* Assignment: Beneath this line is the data. Output exactly the lines from the line with "Starcraft pop up trailer camper" to the line with "620 Mongolie Disney", both ends included, and nothing more.

* Data for the task:
►
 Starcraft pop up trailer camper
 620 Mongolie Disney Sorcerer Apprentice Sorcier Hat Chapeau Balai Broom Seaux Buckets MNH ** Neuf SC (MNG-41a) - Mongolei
◄
►
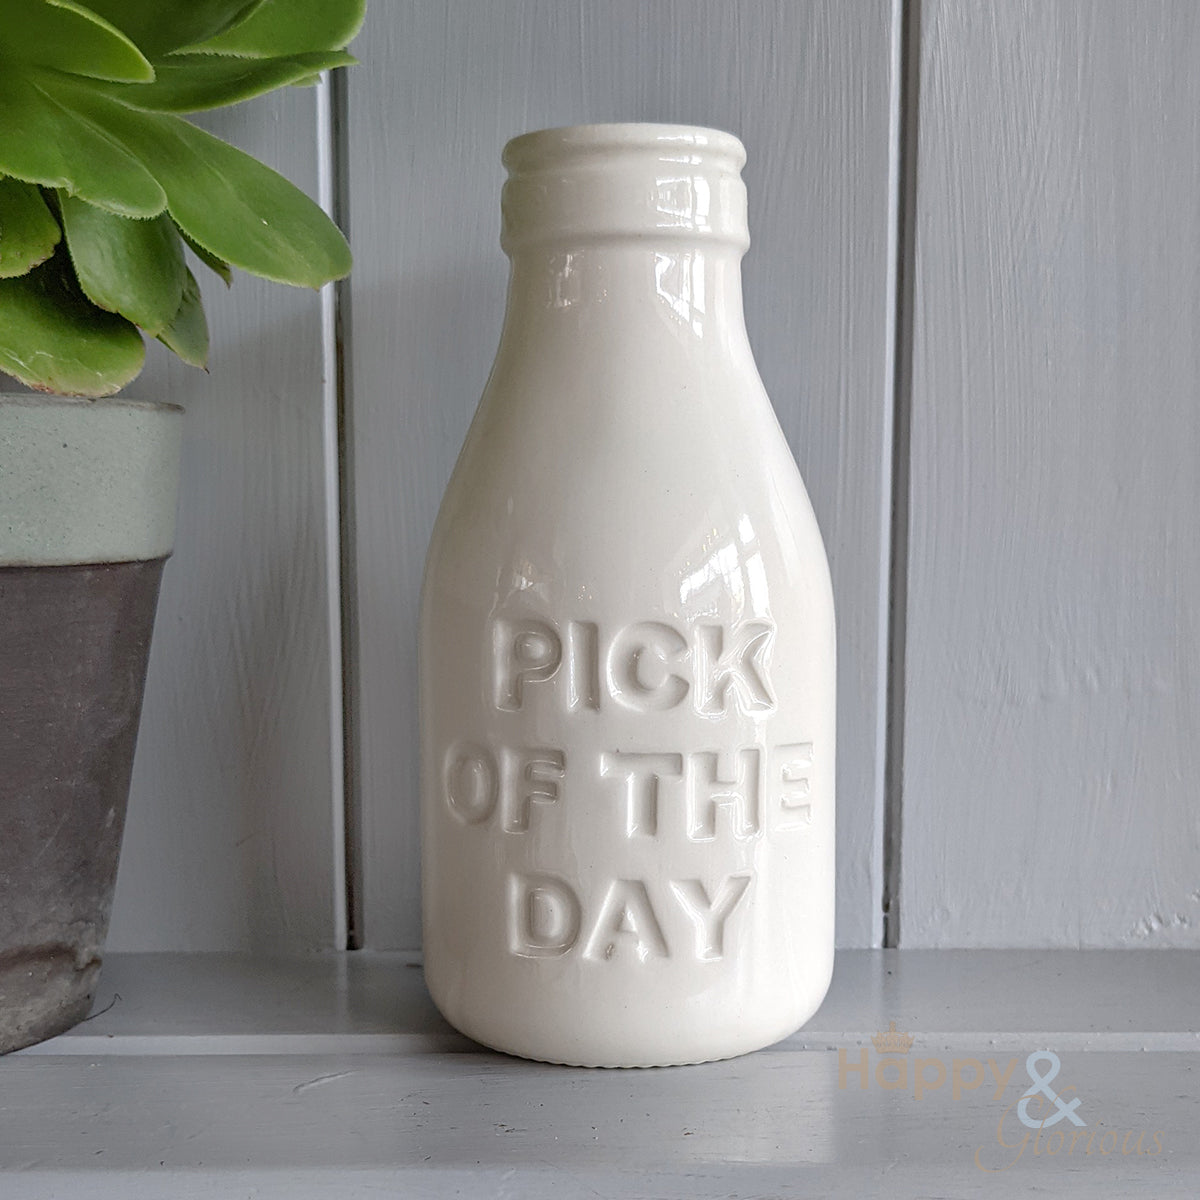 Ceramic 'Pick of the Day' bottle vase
◄
* Solution for this exercise:
 Starcraft pop up trailer camper
 620 Mongolie Disney Sorcerer Apprentice Sorcier Hat Chapeau Balai Broom Seaux Buckets MNH ** Neuf SC (MNG-41a) - Mongolei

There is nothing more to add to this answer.